## Data
--

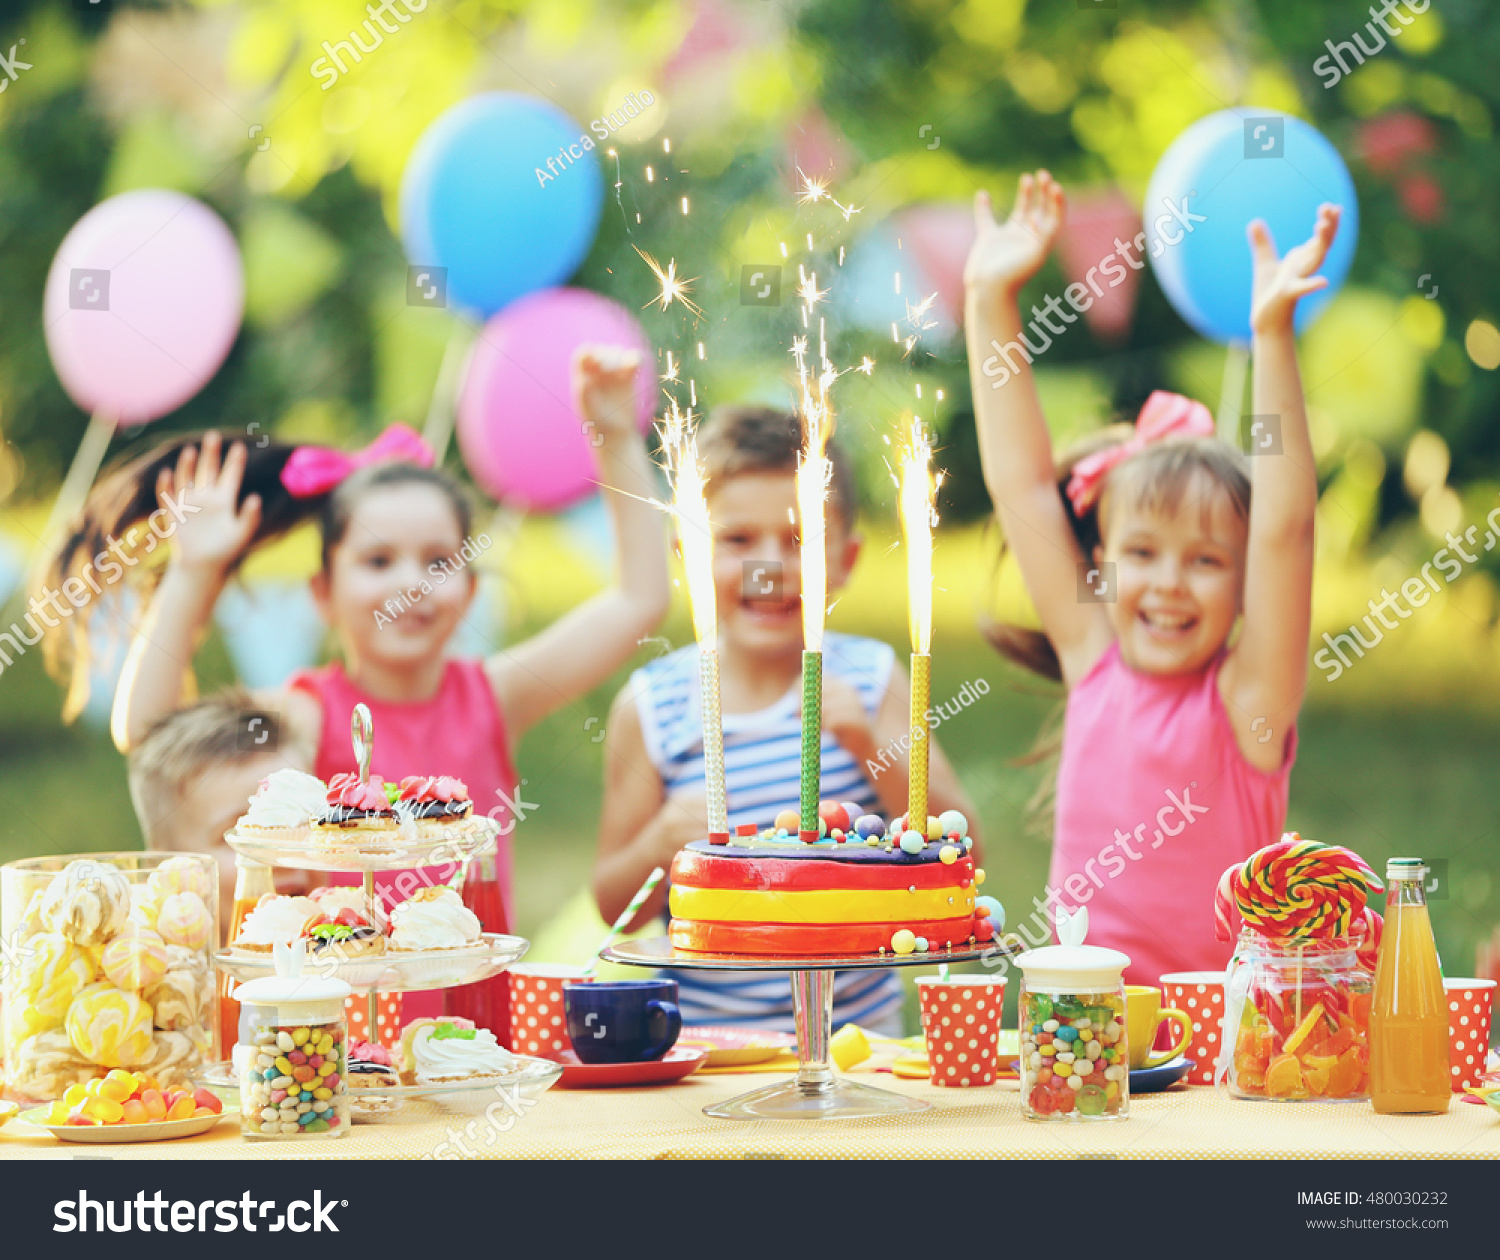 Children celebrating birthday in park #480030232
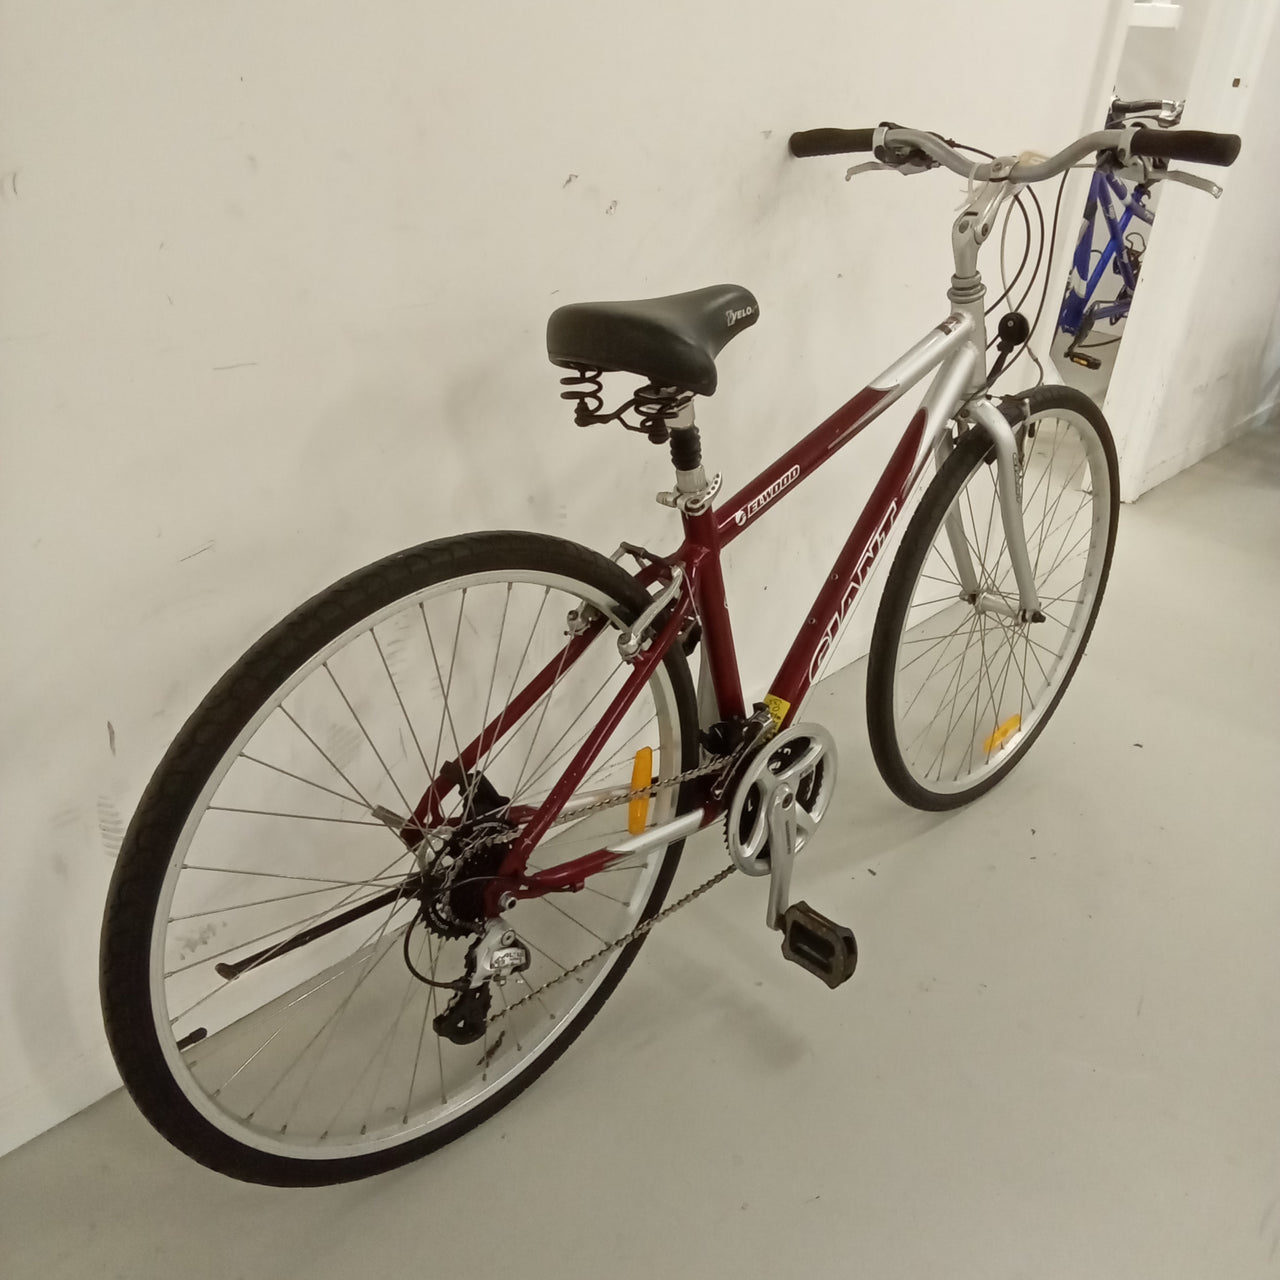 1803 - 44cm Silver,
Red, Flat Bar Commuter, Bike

--

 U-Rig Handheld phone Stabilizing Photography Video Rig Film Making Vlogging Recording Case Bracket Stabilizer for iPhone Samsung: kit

--

## Exercise goal
What you return must match, character for character, the lines above from the one with "Children celebrating birthday" through the one with "Red, Flat Bar Commuter, Bike", minus any pictures.

## Exercise solution
 Children celebrating birthday in park #480030232
 1803 - 44cm Silver,
Red, Flat Bar Commuter, Bike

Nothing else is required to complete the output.